▶ **Data segment**:

▬▬▬▬▬▬

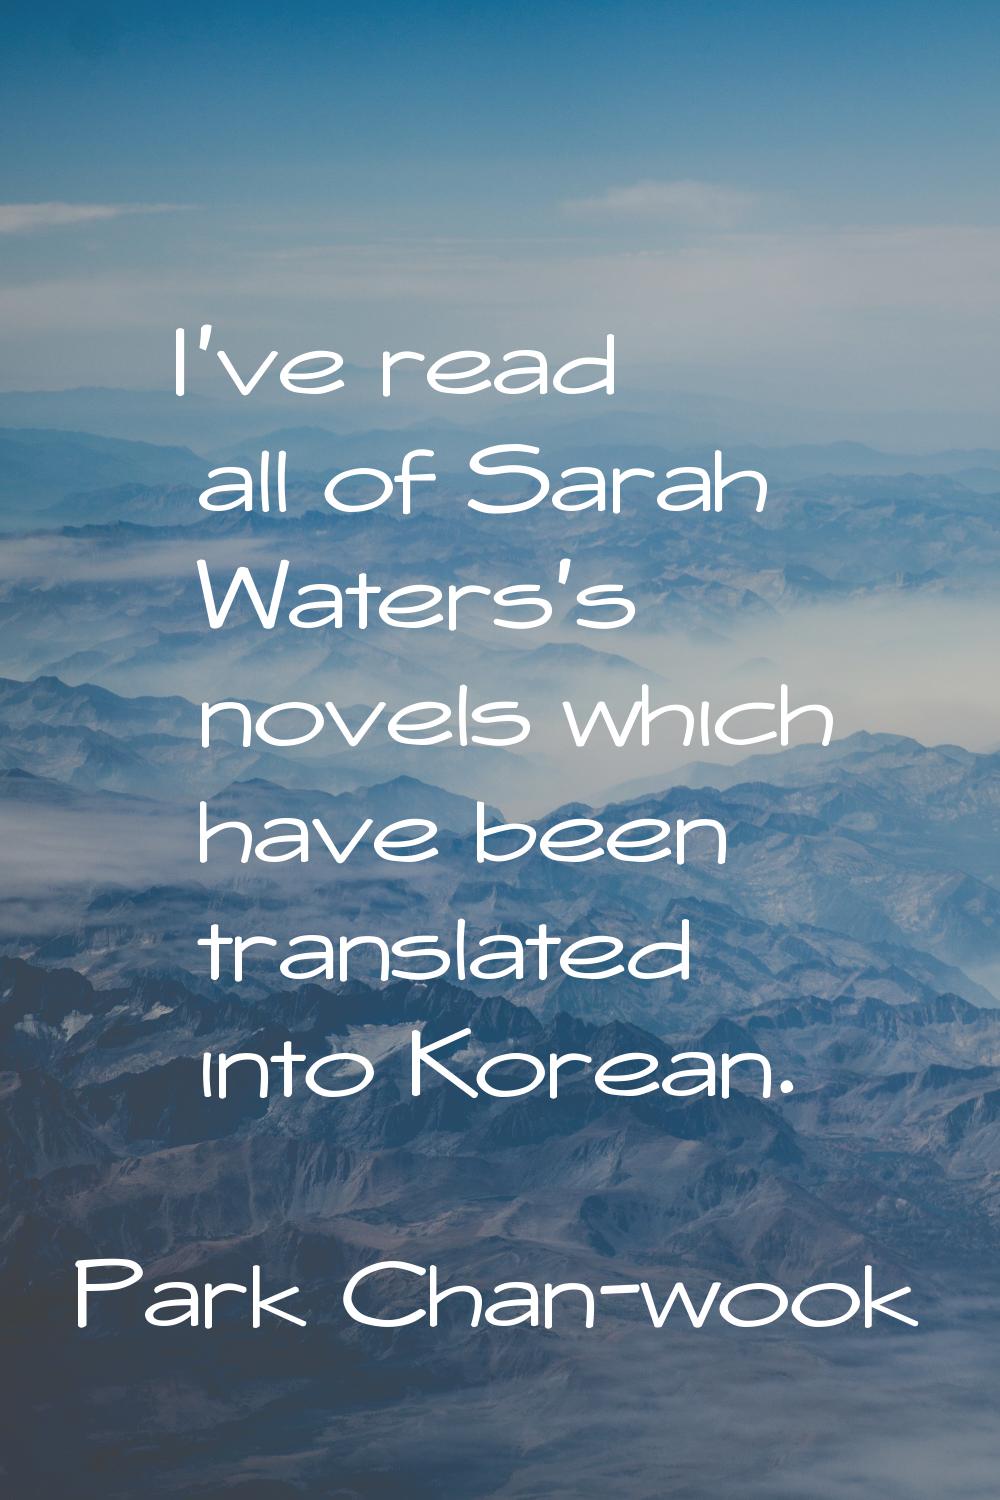 I've read all of Sarah Waters's novels which have been translated into Korean.
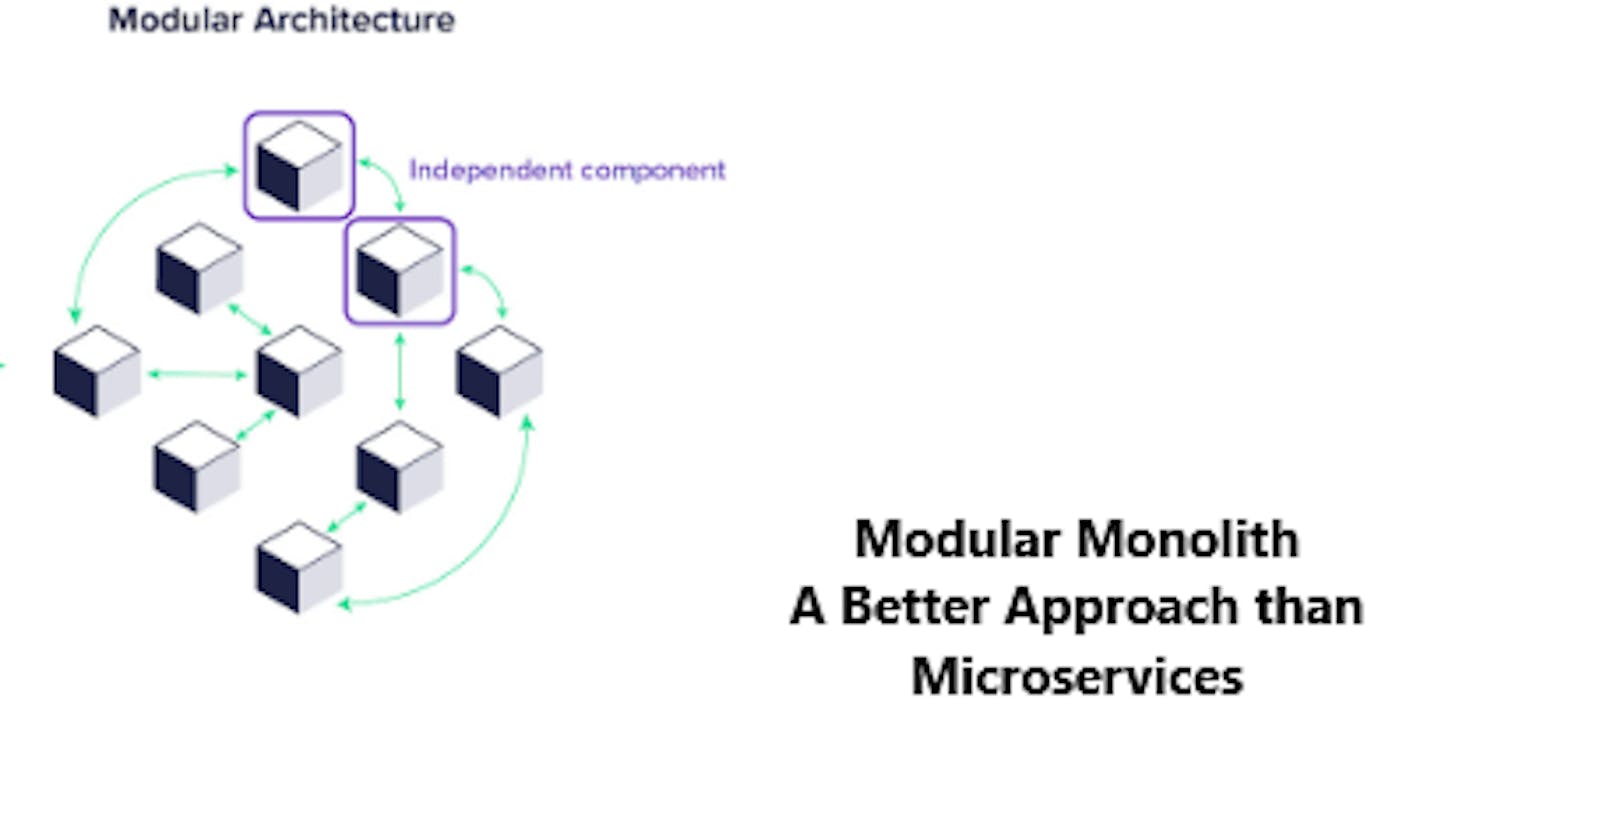 The Modular Monolith - Why It's Better Than Microservices
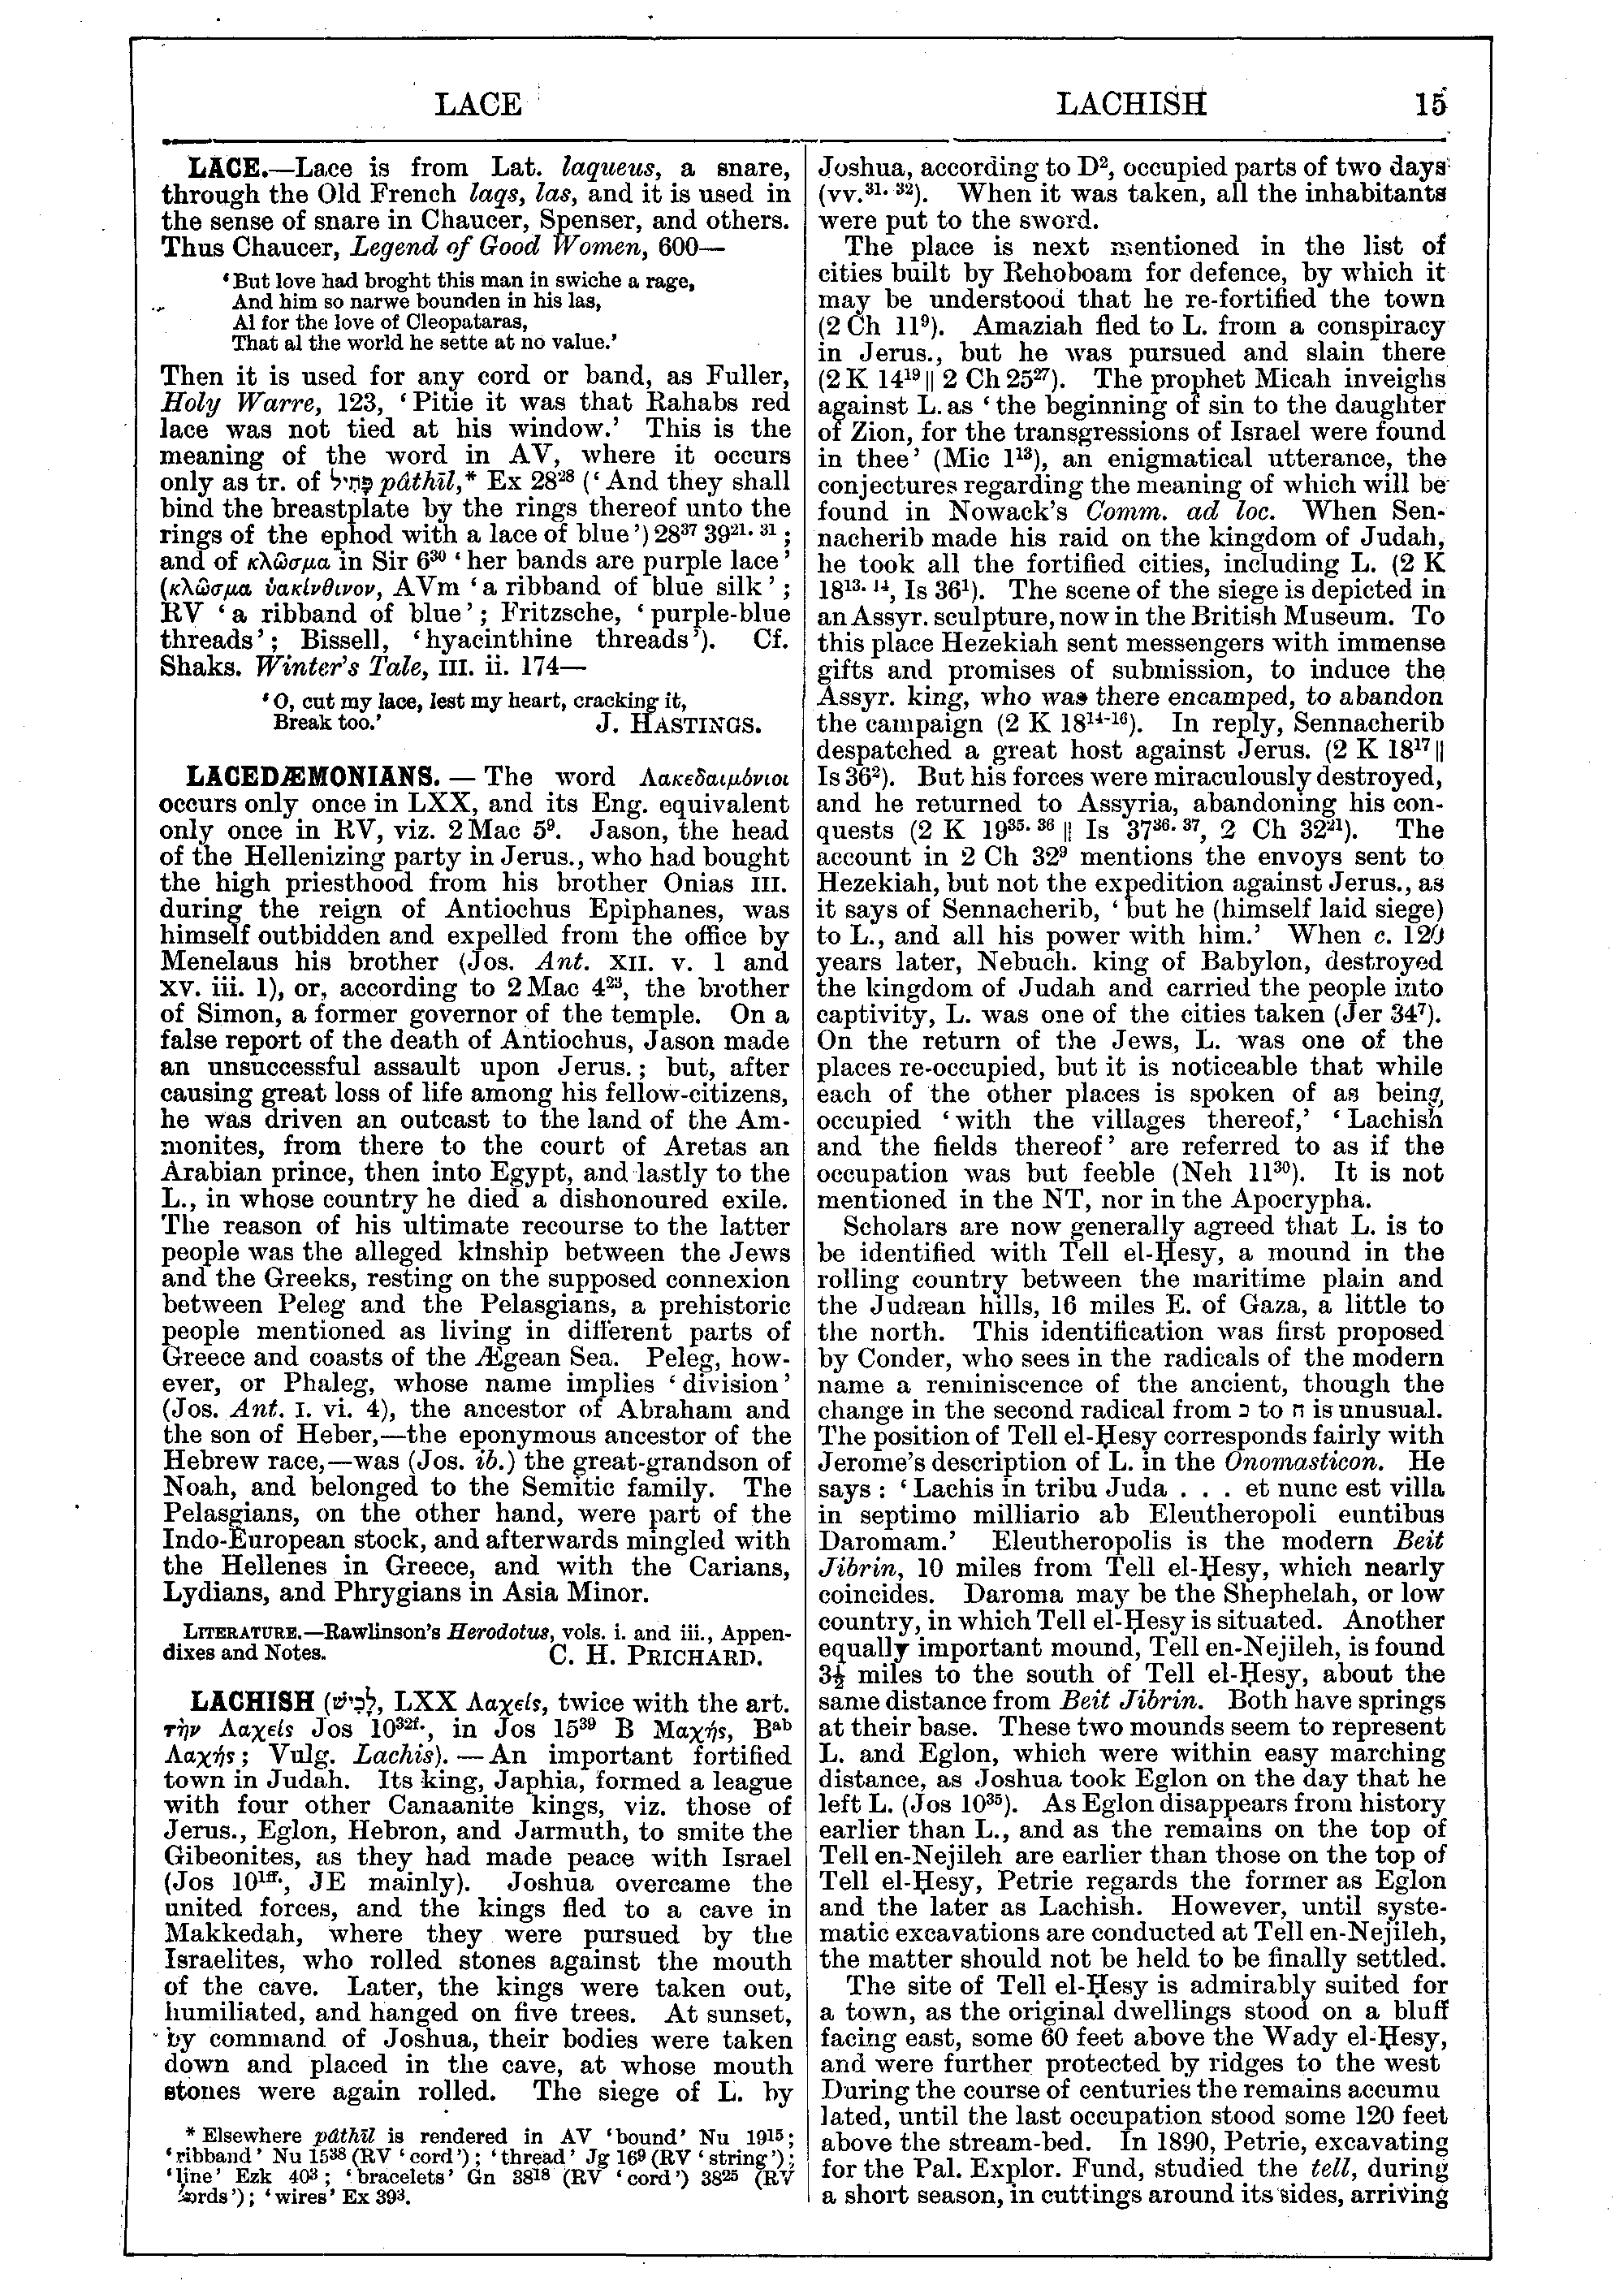 Image of page 15

▬▬▬▬▬▬

▶ **Work request**:
From the line that holds "The Modular Monolith" to the last line of the data, return those lines exactly and nothing else; both ends count, and pictures stay out.

▶ **Finished exercise**:
 The Modular Monolith - Why It's Better Than Microservices
 Image of page 15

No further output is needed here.